Task details >>
Copy the listing exactly; drop the pictures.

Data block >>
*** Begin section ***

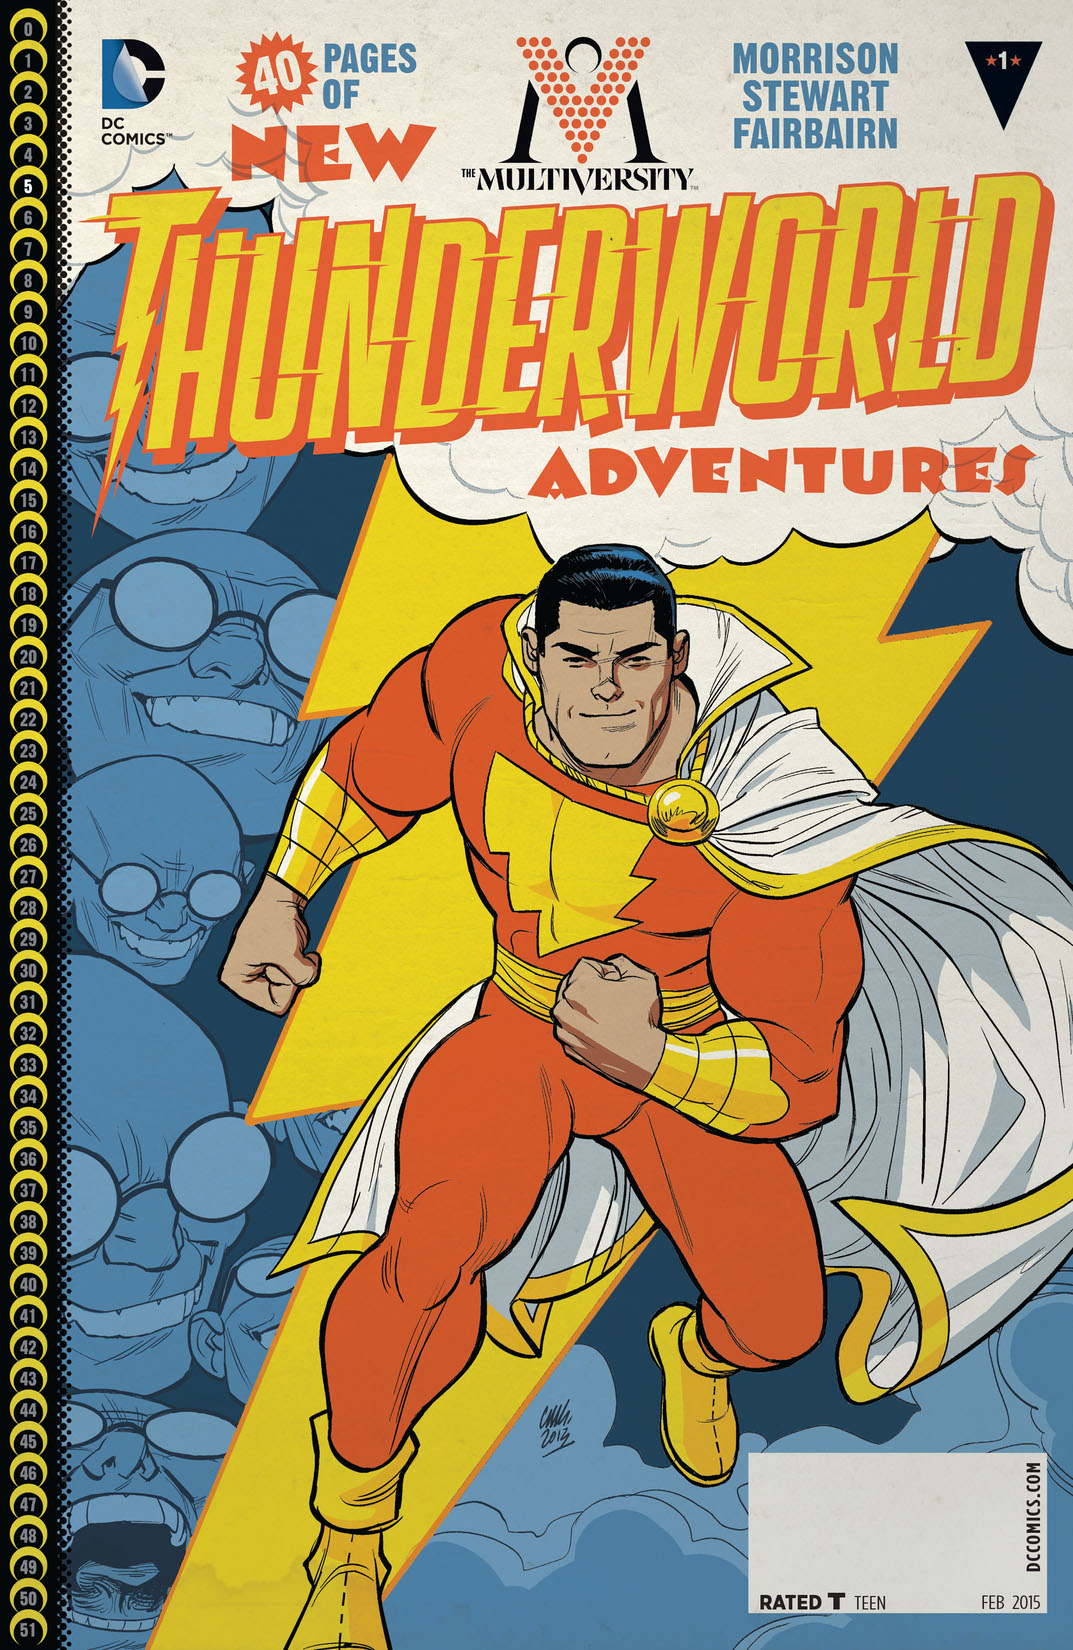 The Multiversity: Thunderworld Adventures #1 preview images
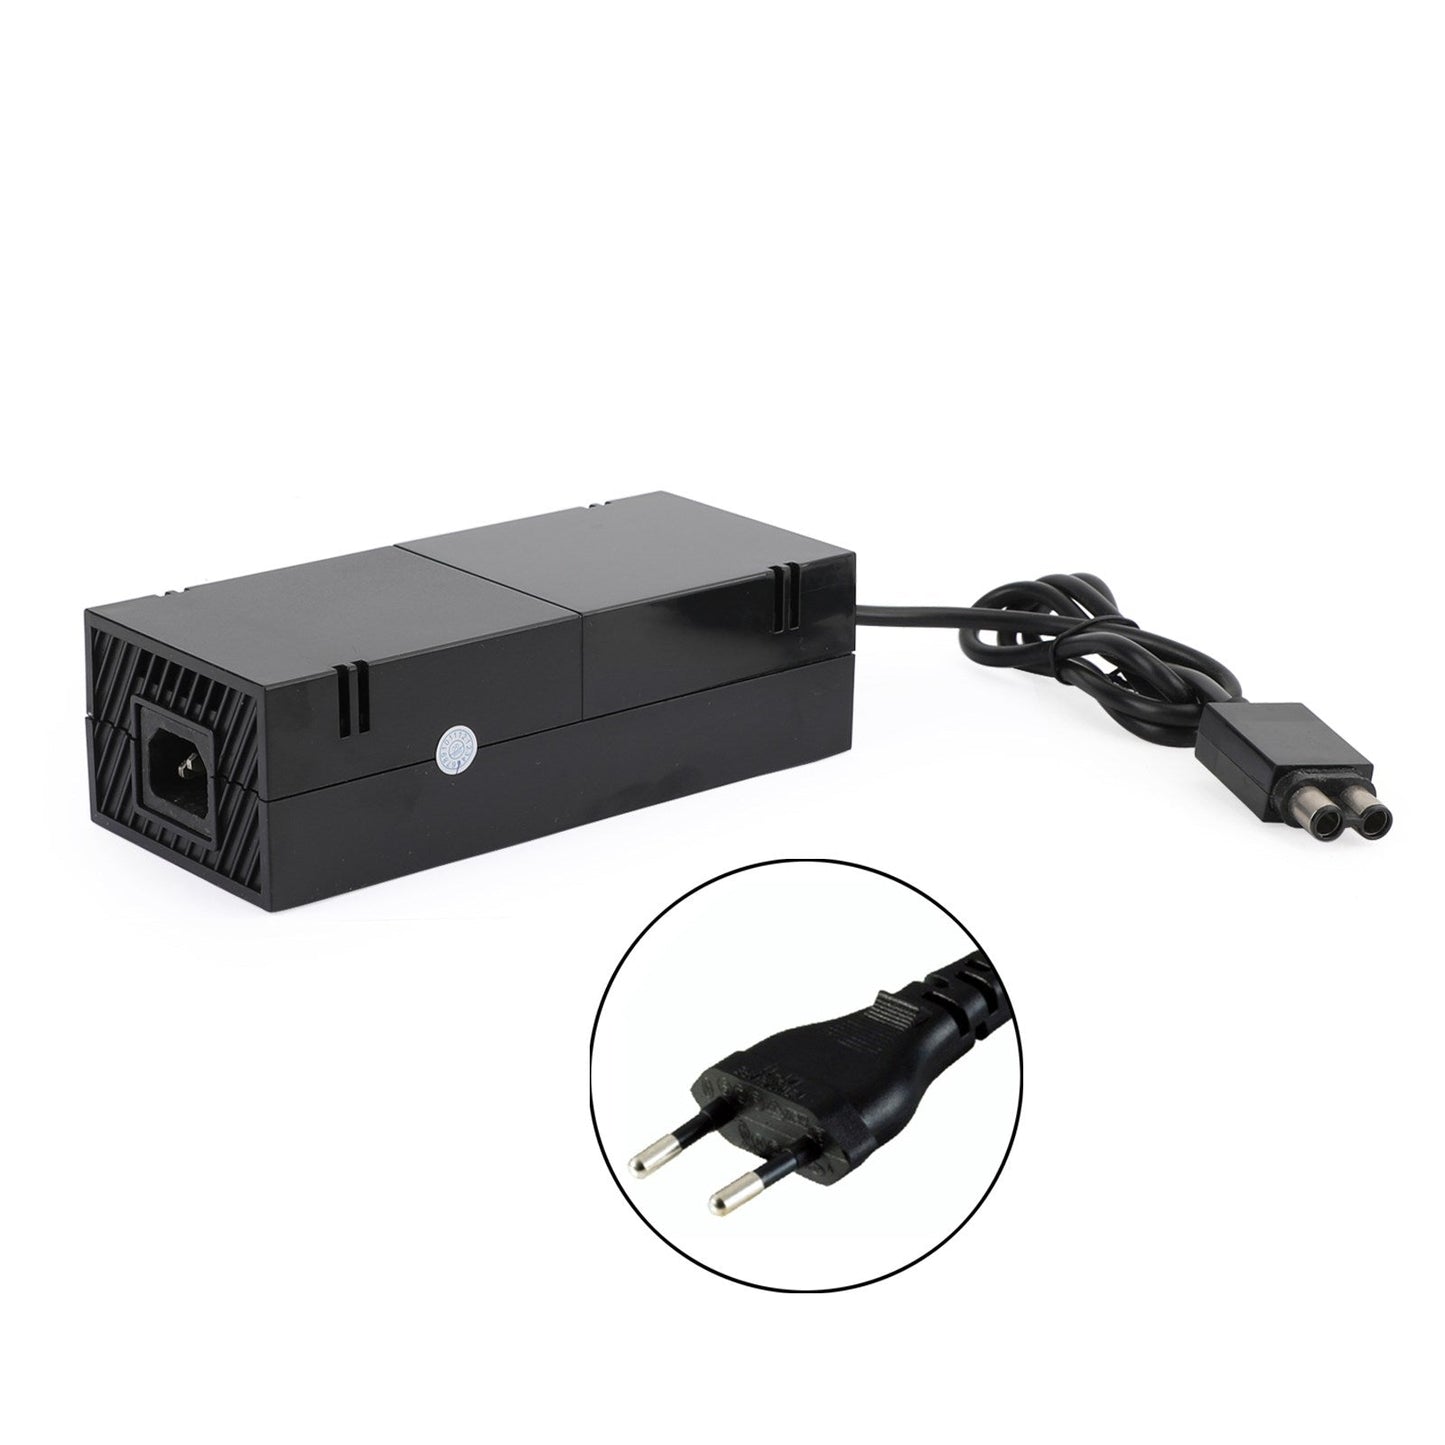 Power Supply AC Adapter 135W 10.83A Power Cord Cable Fit for Xbox one Console EU
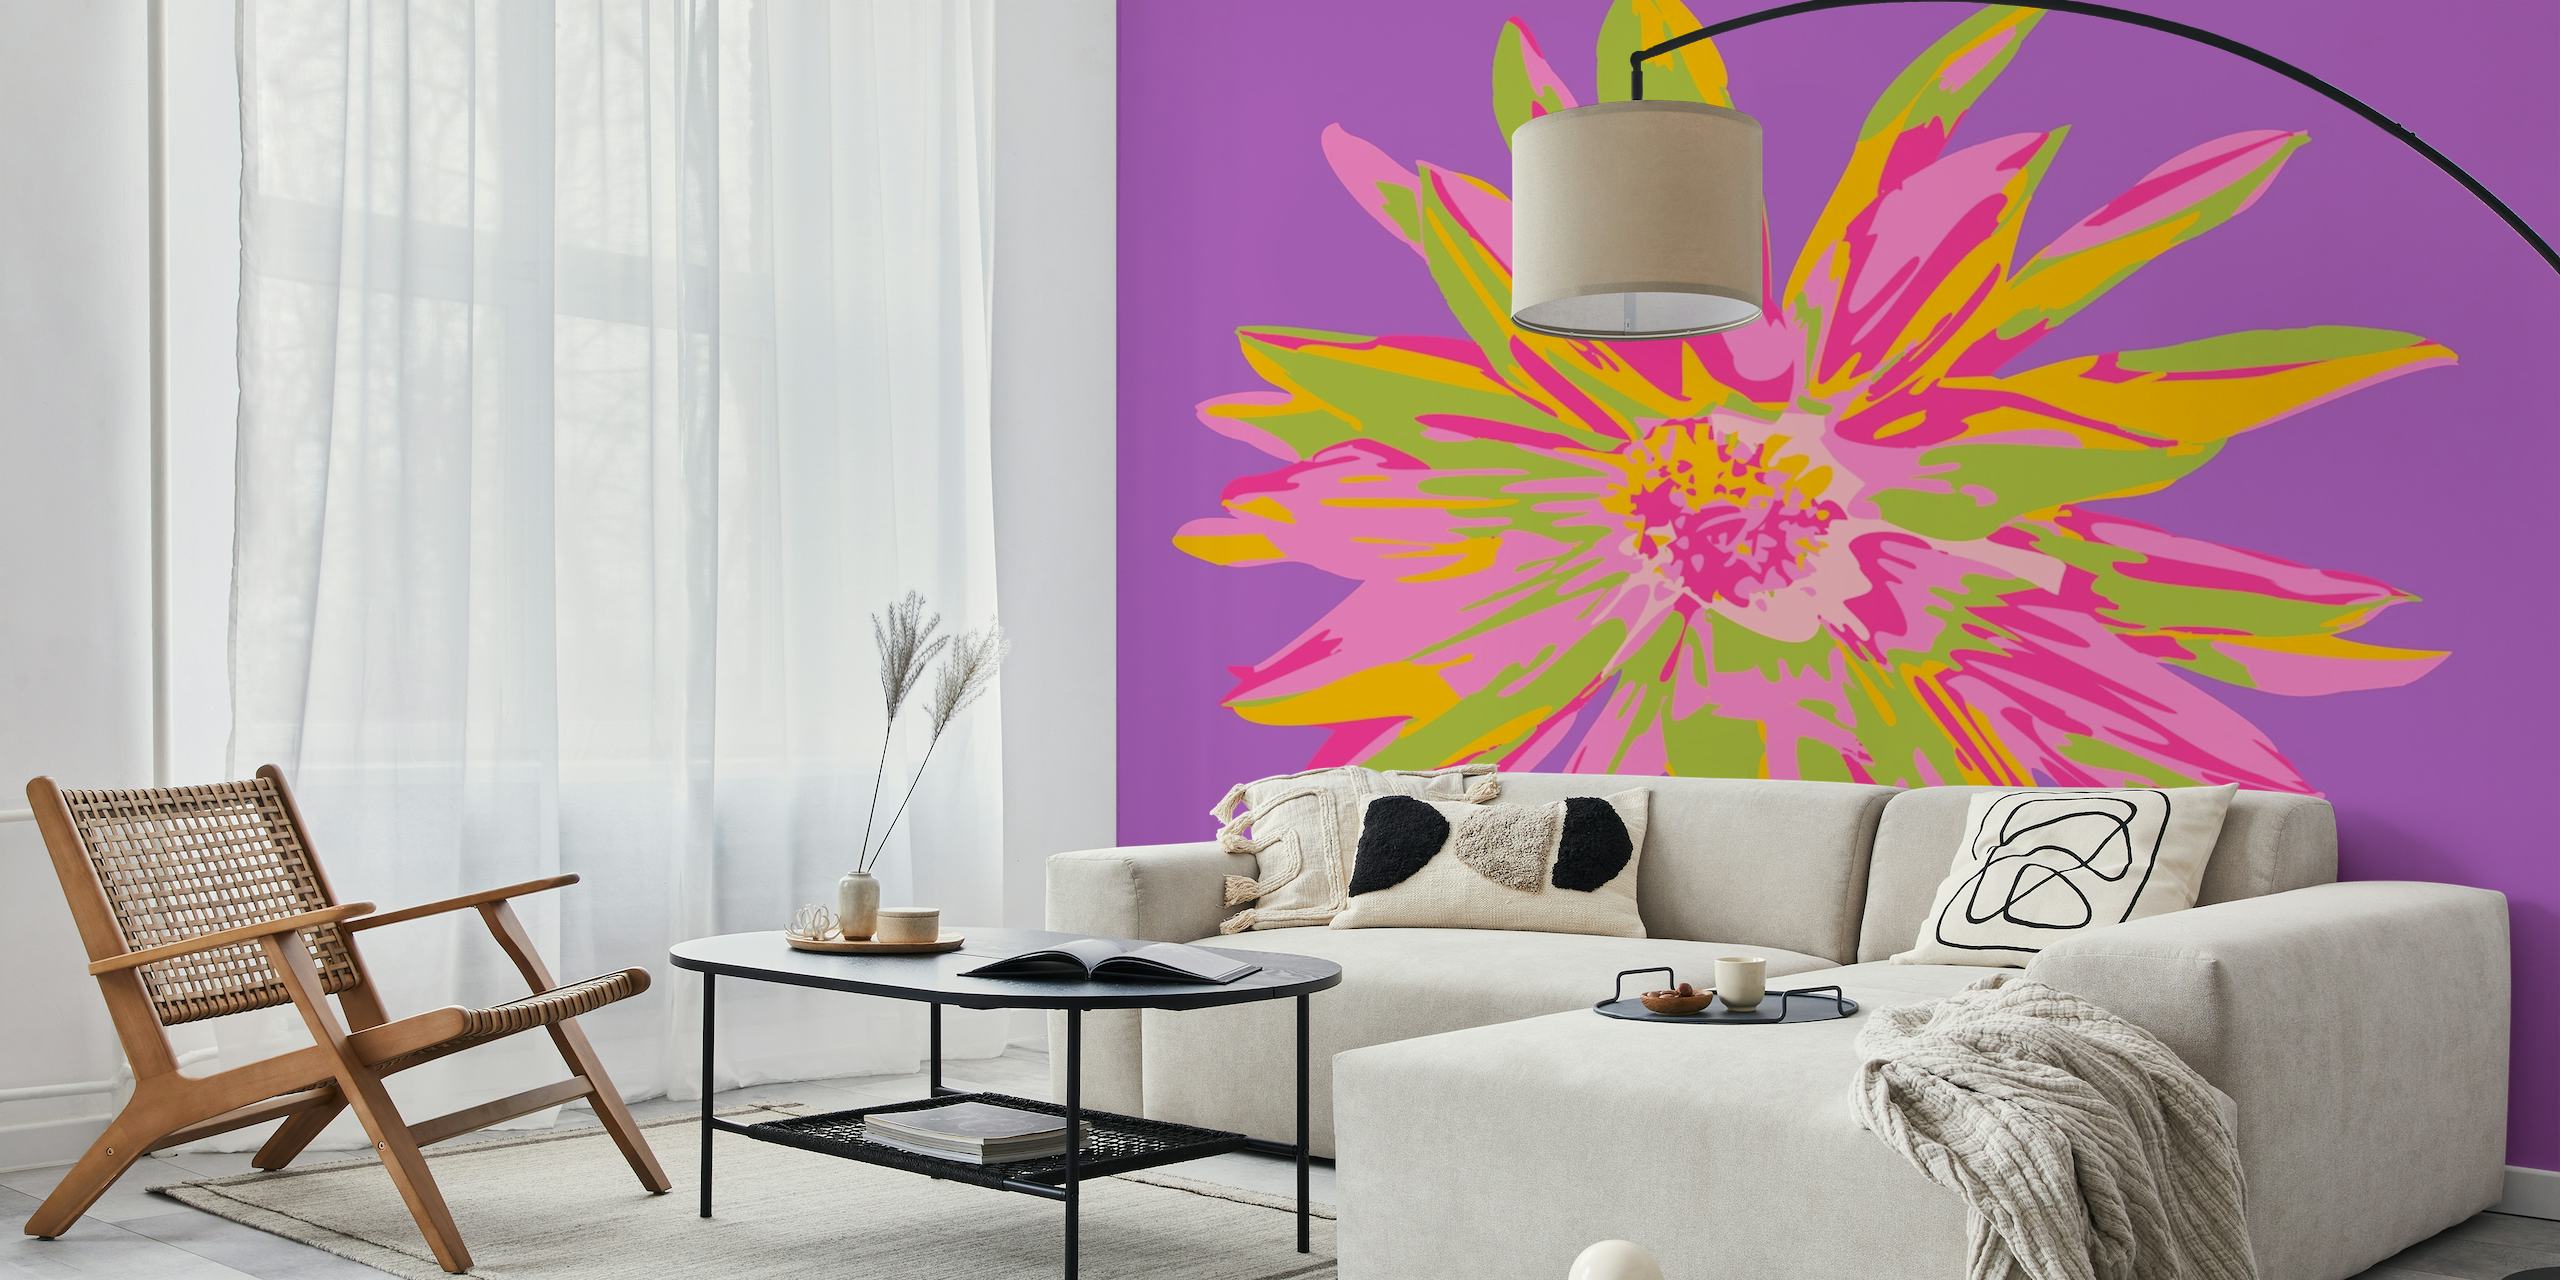 Abstract dahlia flower wall mural in violet, pink, and yellow tones on a purple background

*** End section ***

Task response >>
 The Multiversity: Thunderworld Adventures #1 preview images
 Power Supply AC Adapter 135W 10.83A Power Cord Cable Fit for Xbox one Console EU
 Abstract dahlia flower wall mural in violet, pink, and yellow tones on a purple background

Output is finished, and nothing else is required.